On Mon, 16 Jan 2017, Rick Hornsby wrote:
> I'll give you my feedback as a photographer, but not necessarily as someone who has tried to come up with a shared/distributed end-to-end
> system like you're aiming at here.
> On January 12, 2017 at 12:32:19, Peter Kukla (fruviad at yahoo.com) wrote:
> Hi COLUGers,
> I have hundreds -- maybe thousands -- of photographs that I'd like to scan. My goal is to digitize the whole batch and distribute them
> to the family members of those in the pictures.
> For the "thousands" volume you're looking at, you won't want a flatbed scanner. It is going to take you freaking forever.
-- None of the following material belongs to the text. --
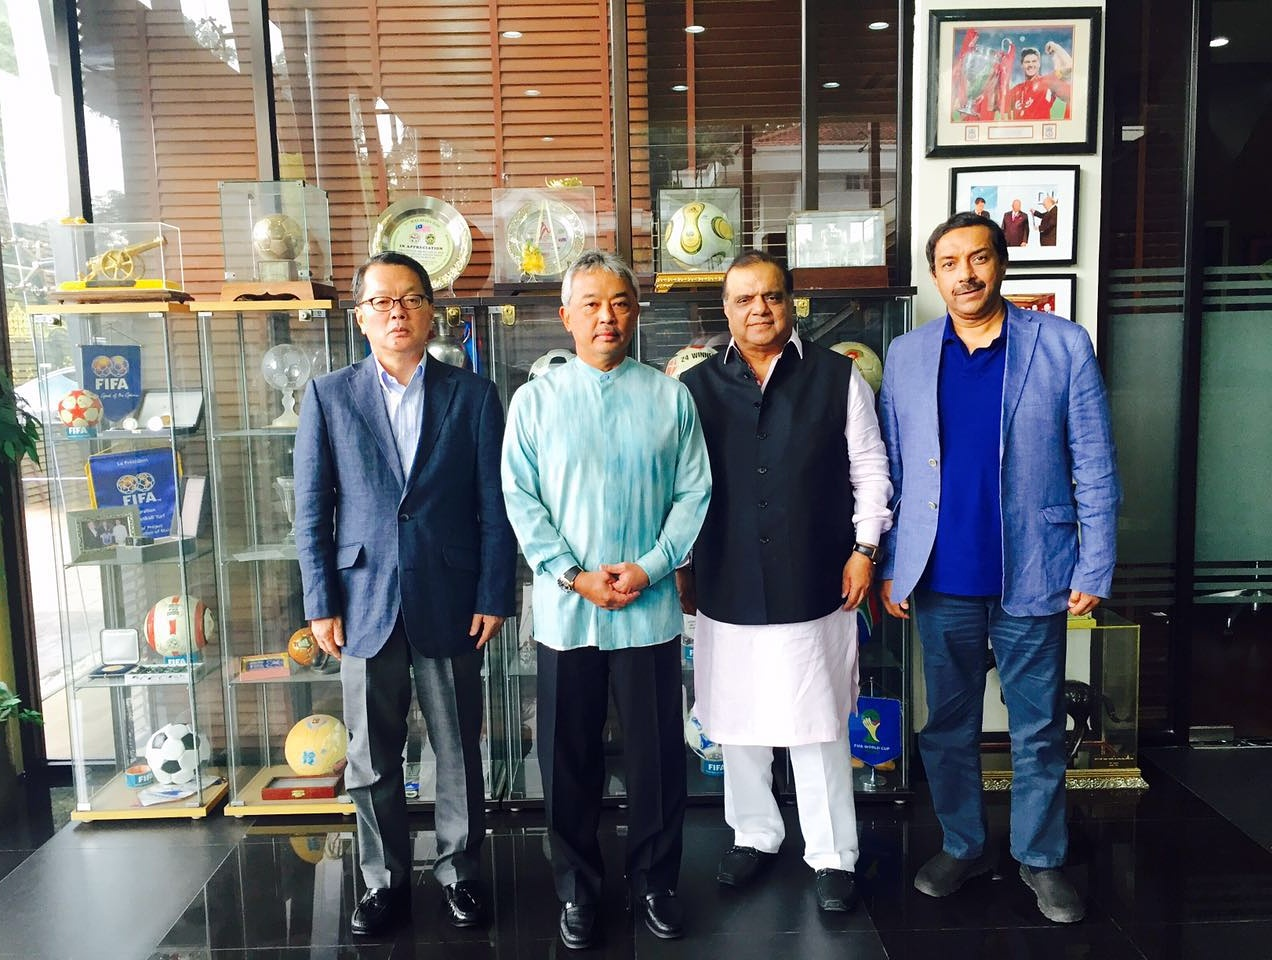 Honorary Treasurer Dato' Fumio Ogura, AHF President Tengku Abdullah Ahmad Shah,  Vice President Dr. Narinder Batra, CEO Dato' Tayyab Ikram

Even if you put
> multiple images on the scanner bed at once, you still have to now digitally cut them back into individual photographs.
> You definitely _do_ want a flatbed scanner for old, damaged, or delicate prints that can't be put through an automatic document feeder type
> system. If you use an ADF, make sure it is one designed for photographs. A normal sheet feeder may mangle your one-of-a-kind print.
> Photographers digitizing images will sometimes use an actual camera to photograph the print. This is requires a light box, and is labor
> intensive, but can provide a very high quality result and can reduce the risk to the print.
> With that said, I strongly suggest finding a local vendor that can do the digitizing for you. Unless you just have a lot of time on your
> I have a Linux-based household, so the hardware & software would need to be Linux-friendly. Hence my bugging you guys.
> The project will require a fast scanner, given the number of photos in question. Waiting 2-3 minutes for each scan to complete is
> fine if I only have a few pages to scan, but not for a large project like this.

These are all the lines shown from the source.